Incluso con una sola piedra de maná oscuro… todavía tenemos la esperanza de que ese hombre nos dé su piedra de fertilidad.
Casi me atraganto.
Ah.
Íbamos a hacer esto.
Bajé la mirada, dejé caer los hombros, y el agotamiento se instaló en mi postura como si le perteneciera.
—Pero era demasiado pequeña, querido —murmuré débilmente—.
Era demasiado… —dudé, y luego dejé que la duda se filtrara—.
No sé… ¿siquiera fue suficiente?
Vikingo suspiró.
Un suspiro maravillosamente ensayado.
—No tenemos elección —dijo, mientras su pulgar rozaba el dorso de mi mano como un hombre que carga con el peso del mundo—.
Tenemos que demostrarle que lo intentamos.
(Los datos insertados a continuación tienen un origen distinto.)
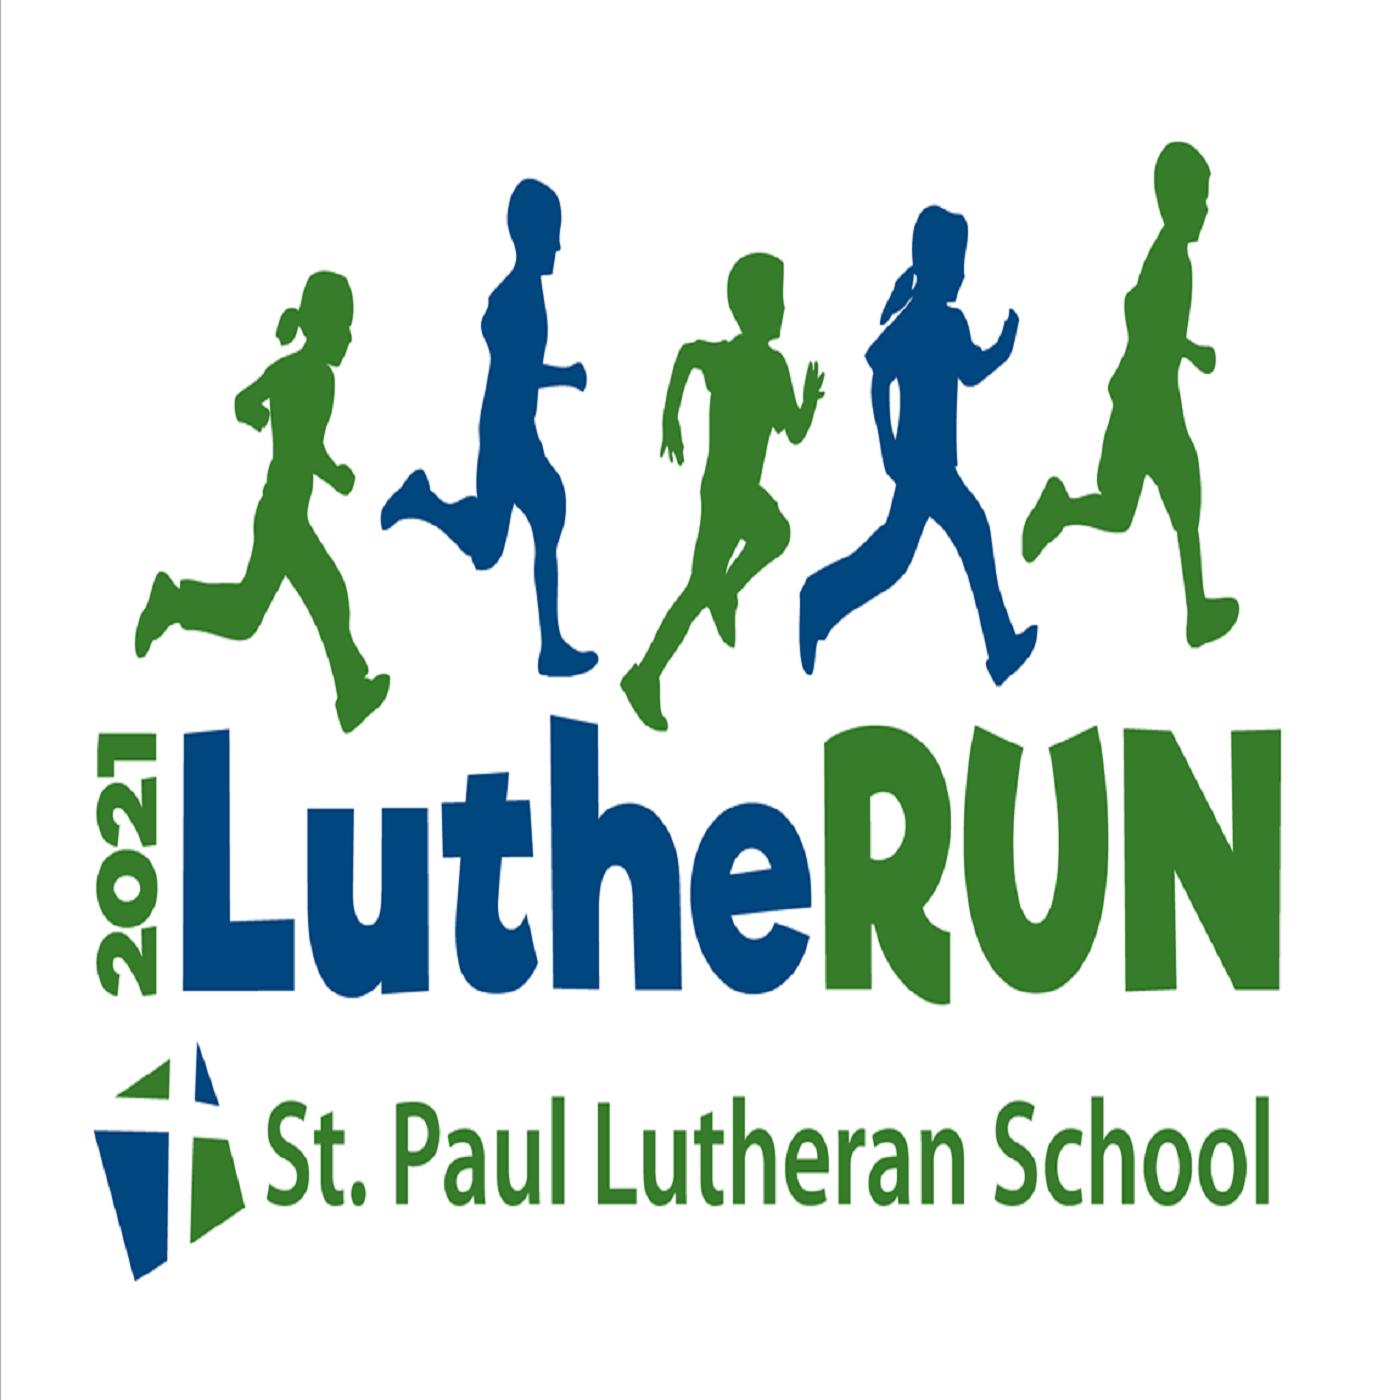 LutheRun

Incluso si me costó todos mis poderes.
Tragué saliva.
—Querido —dije en voz baja, interpretando mi papel—, no deberías sacrificar tu magia por mí.
Somos mercaderes.
Si ahora no tienes magia… ¿cómo se supone que vamos a continuar con nuestro negocio?
Sentí sus dedos apretarse, solo un poco.
Luego se giró para mirarme.
Y, que los dioses me ayuden, su expresión era demasiado real.
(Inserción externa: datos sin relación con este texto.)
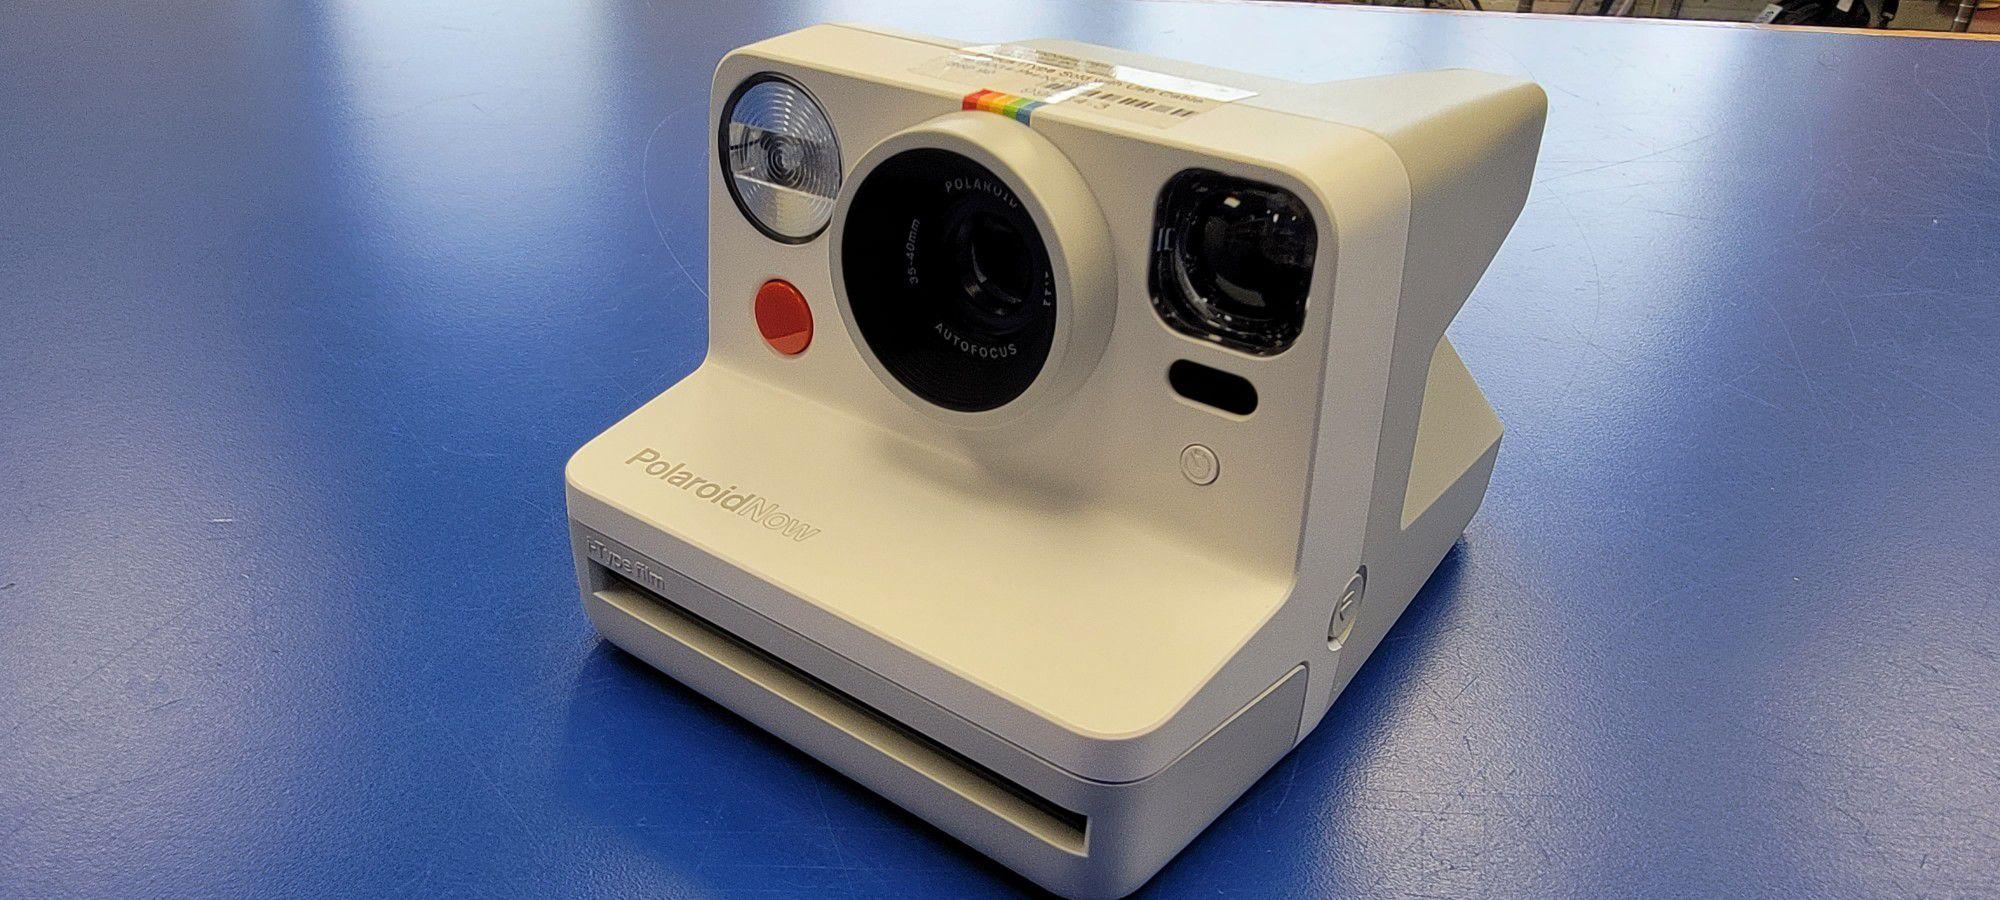 Polaroid Instant Camera 9027

—Haría cualquier cosa por ti, mi amor —dijo suavemente—.
Daría mi vida.
Siempre y cuando tú seas feliz.
Me le quedé mirando.
Pero.
Qué.
Demonios.
Eso no estaba en el guion.
Esa no era una frase de una pareja de mercaderes.
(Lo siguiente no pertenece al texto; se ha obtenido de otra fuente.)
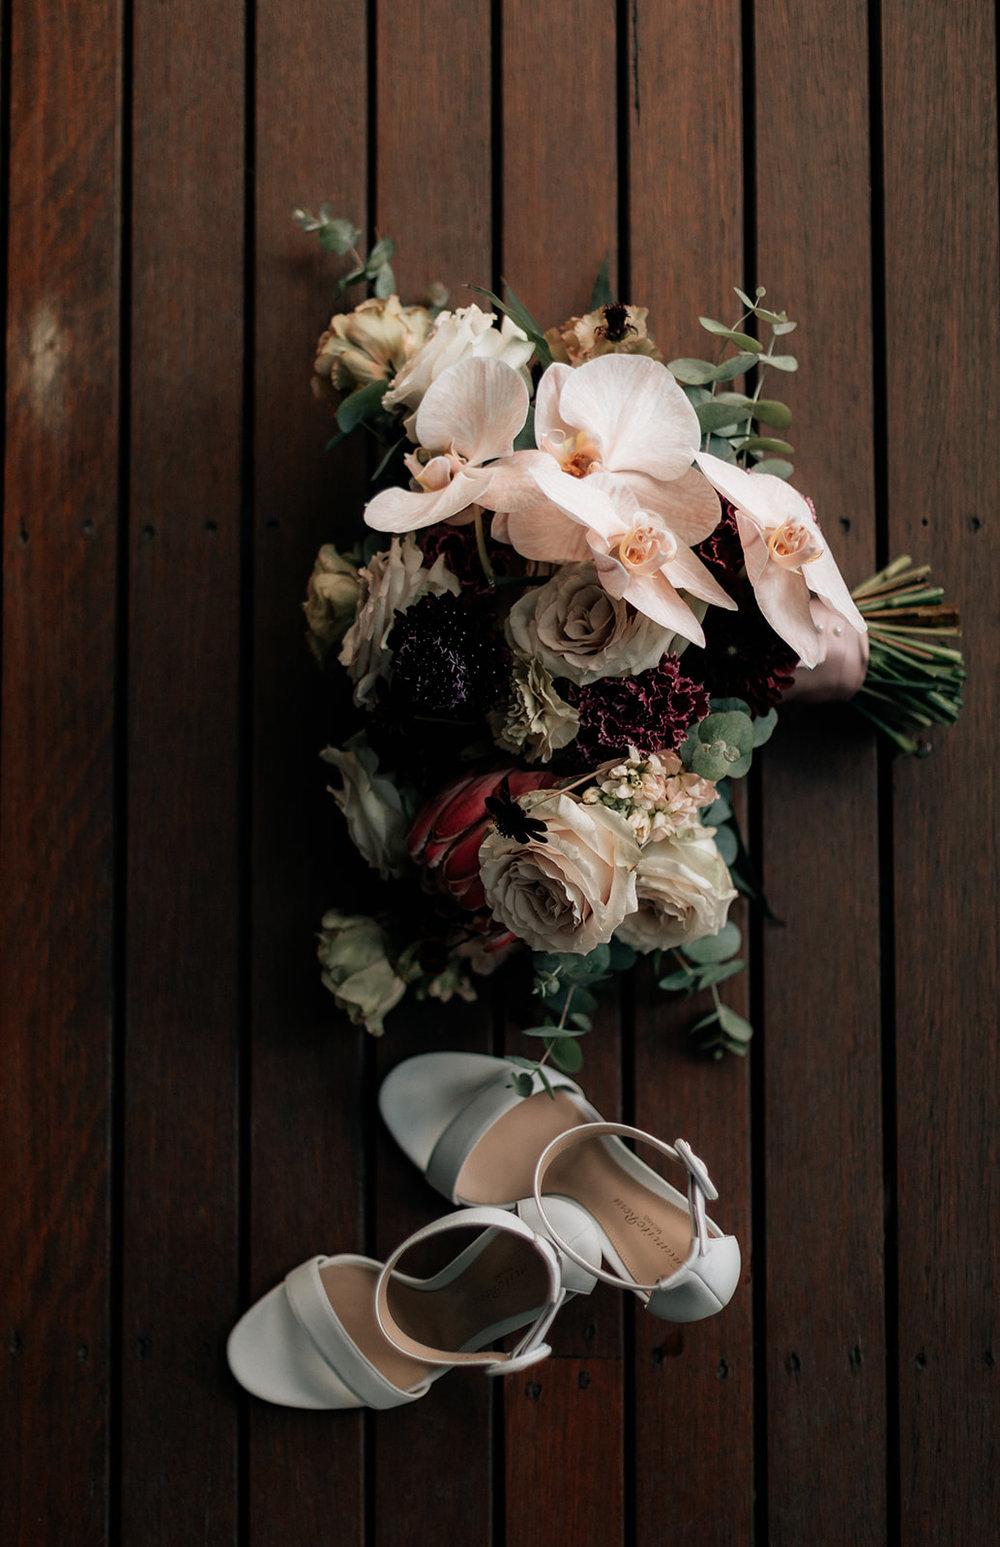 Karis and Oli_Sydney Wedding_Bradleys Head_Holly Medway Photography-33.jpg

Esa era la de un héroe trágico confesándose bajo la luz de la luna antes de marchar hacia la muerte.
Se me fundieron los plomos.
Coffi se aclaró la garganta bruscamente.
Latte, la traidora, tenía ambas manos apretadas contra el pecho, con los ojos brillantes como si ya estuviera diseñando estandartes de boda.
Casi podía oír sus pensamientos: «Oh, dioses míos, sus hijos serían tan poderosos».
Tía.
Estábamos actuando.
Me incliné más cerca de Vikingo y siseé entre dientes sin mover los labios: —Baja el tono antes de que empiecen a planear nuestro aniversario.
Su boca se torció.
Solo un poco.
Lo que significaba que sabía exactamente lo que estaba haciendo.
El carruaje siguió avanzando, el bosque se apartaba cortésmente a nuestro paso, y los vigilantes escuchaban atentamente nuestra pequeña y trágica mentira…
¿Y yo?
Estaba añadiendo mentalmente «marido falso demasiado convincente» a mi cada vez más larga lista de problemas.